Quasi-criminal means a lawsuit or equity proceeding that has some, but not all, of the qualities of a criminal prosecution. It may appear in either a common law or a civil law jurisdiction. It refers to "a court's right to punish for actions or omissions as if they were criminal".

The origins of the phrase comes from the Latin language word, quasi, meaning somewhat, sort-of, alike or akin, to criminal law, as in quasi-contract. Quasi is used "to indicate that one subject resembles another, with which it is compared, in certain characteristics, but there are intrinsic and material differences between them".

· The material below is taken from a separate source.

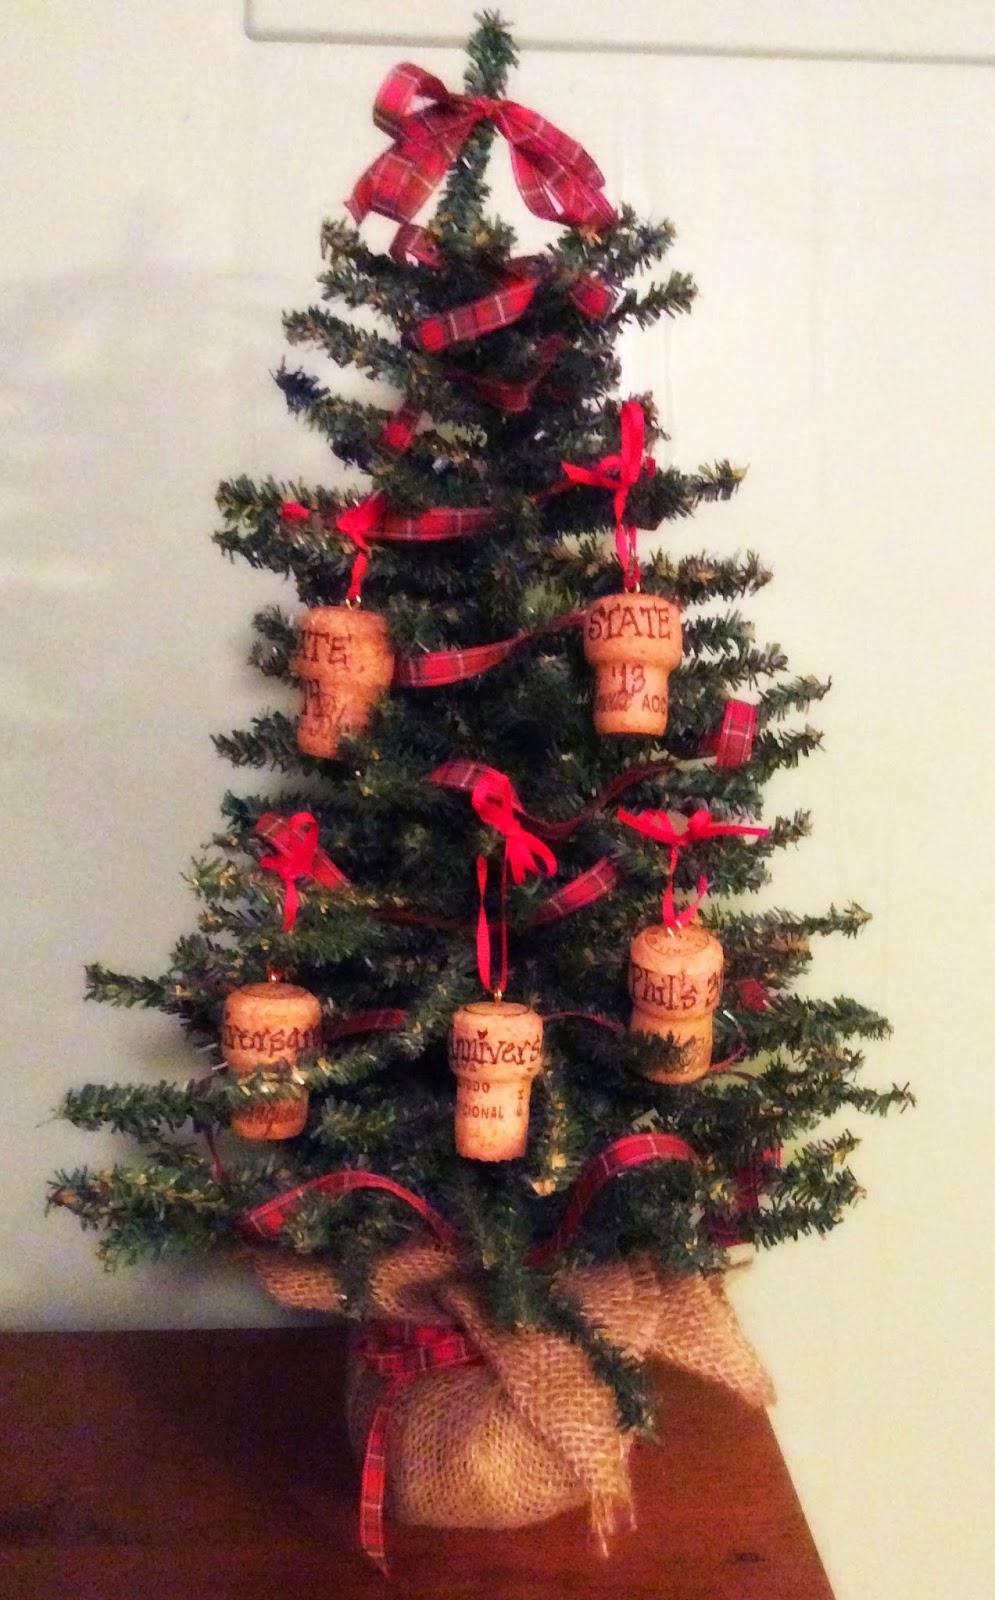 The Happy Little Hive: Champagne Cork Ornaments

During a civil or equity trial, a court may act as if it were a criminal case to punish a person for contempt of court. In some cases, a court may impose asset forfeiture or another penalty. For example, a court has the right to punish actions or omissions of a party in a child support case as if they were a criminal, penalizing the parent with a sentence of jail time.

==Elements==
Quasi-criminal proceedings include a wide variety of matters, including prosecution for a violation of law or ordinance, psychiatric matters, motor vehicle law, status offenses, family court actions, and equity proceedings such as a writ. What these various legal matters have in common are these factors:
- They may be instituted by a government agent on behalf of a private citizen, or
- They may be instituted by a private citizen on behalf of the government, ex rel.
- They implicate fundamental rights or constitutional rights, subjecting the law involved to strict scrutiny by the judiciary.
  - Because of that, they may be subject to the Miranda warning enunciated under the legal doctrine in Miranda v. Arizona or foreign counterparts.
  - They are subject to requirements for bail, if any.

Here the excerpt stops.